I love my bar-ends. If the STIs ever wear out on my other bikes, I'll be putting DA bar-ends on them.

I'm a bit worried about leaving this locked at the bike rack at my new work place, so I'm gonna try sneaking into my office and hopefully nobody will complain.


----------



## commutenow (Sep 26, 2004)

Beautiful Waterford and I like the barend shifters.


----------



## goodwij (Sep 15, 2008)

Very nice. I had been looking at Waterfords also. You going on CNC and taking it?


----------



## tarwheel2 (Jul 7, 2005)

I wish I could ride CNC but I'm too busy at work right now. However, I'll probably take it on the spring ride next year. The spring CNC ride seems to work much better with my work schedule.


----------



## esXso (Jan 29, 2010)

Do those silver Cascadia fenders still come with the dorky Planet Bike logo on the rear?


----------



## tarwheel2 (Jul 7, 2005)

esXso said:


> Do those silver Cascadia fenders still come with the dorky Planet Bike logo on the rear?

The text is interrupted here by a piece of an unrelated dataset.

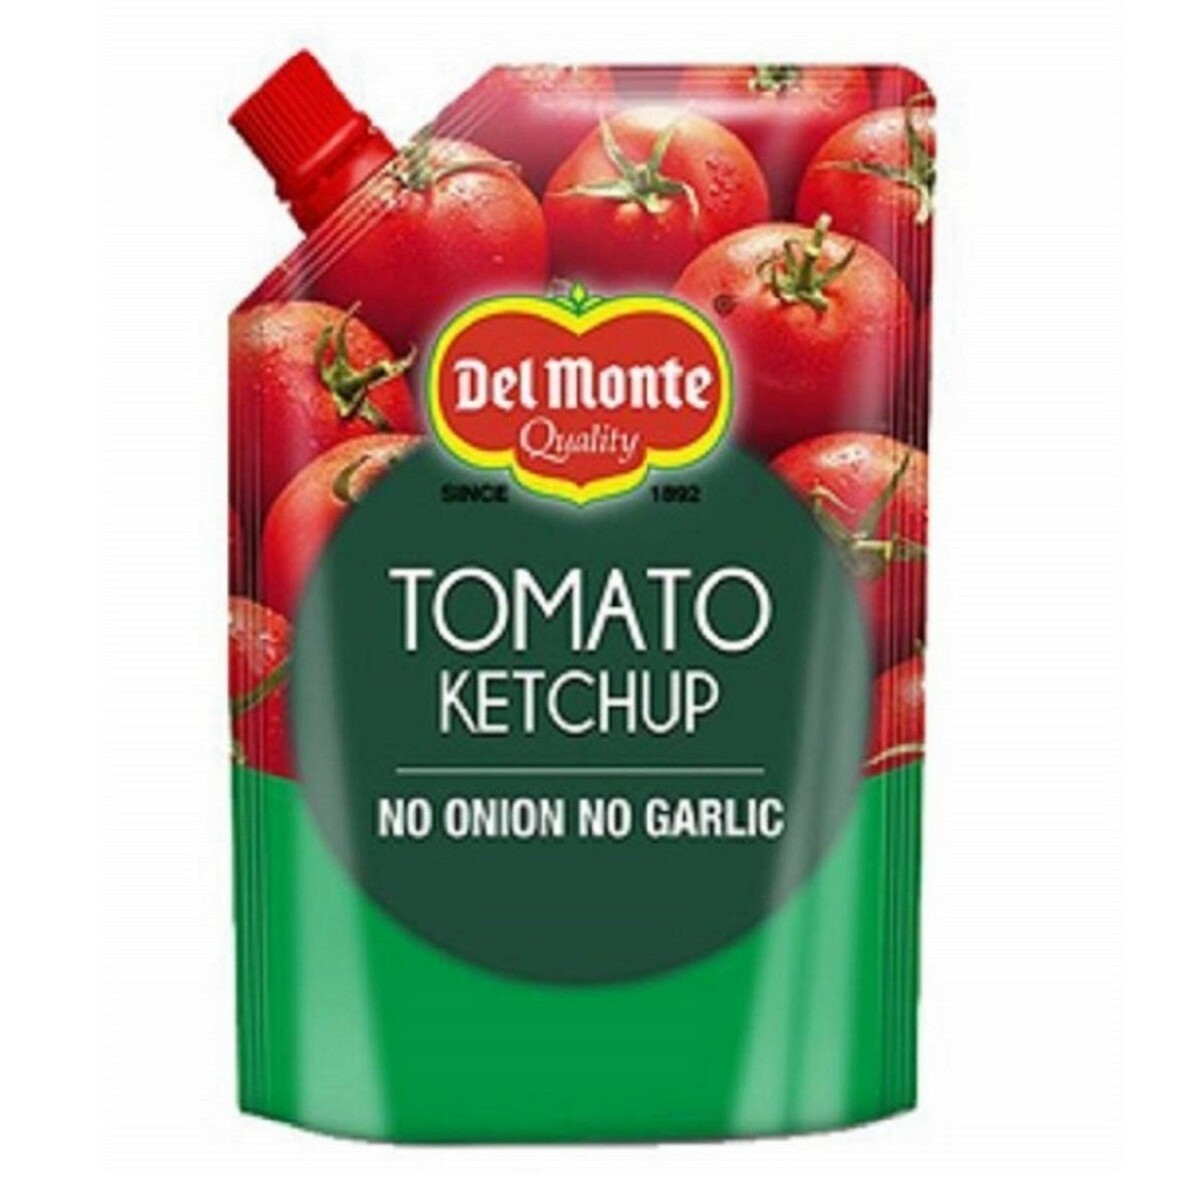 DelMonte Tomato Ketchup No Onion & Garlic 900g

Mine have the logo, but it doesn't bother me. It's not that visible, just another shade of silver.


----------



## Jesse D Smith (Jun 11, 2005)

Nice "pick up". Gotta love it when you take a shot and it works out.


----------



## fredstaple (Jun 2, 2003)

*Well ...*

... done!


----------



## bigbill (Feb 15, 2005)

People talked about the paint chipping on Gunnars. I built mine up from the start with fenders so my paint has held up well. Nice ride, almost too nice for a commuter but using the MB1 philosophy, don't go cheap on the bike that sees the most use.


----------



## skh (Mar 4, 2011)

nice lookin' bike.....
i had the DA barends on my Soma Stanyan but changed them out for DA indexed dt shifters. sometimes they tend to get in the way...go figure. still have 'em though, just in case. the the dt shifters are really nice albet a little loud on the shift. 
enjoy your new ride!


----------



## agroudan (Aug 14, 2007)

Wow - surprised to hear the paint quality is so poor. I have an almost 20 year old Waterford Paramount and paint still looks great. There are only a few chips on the chain stays.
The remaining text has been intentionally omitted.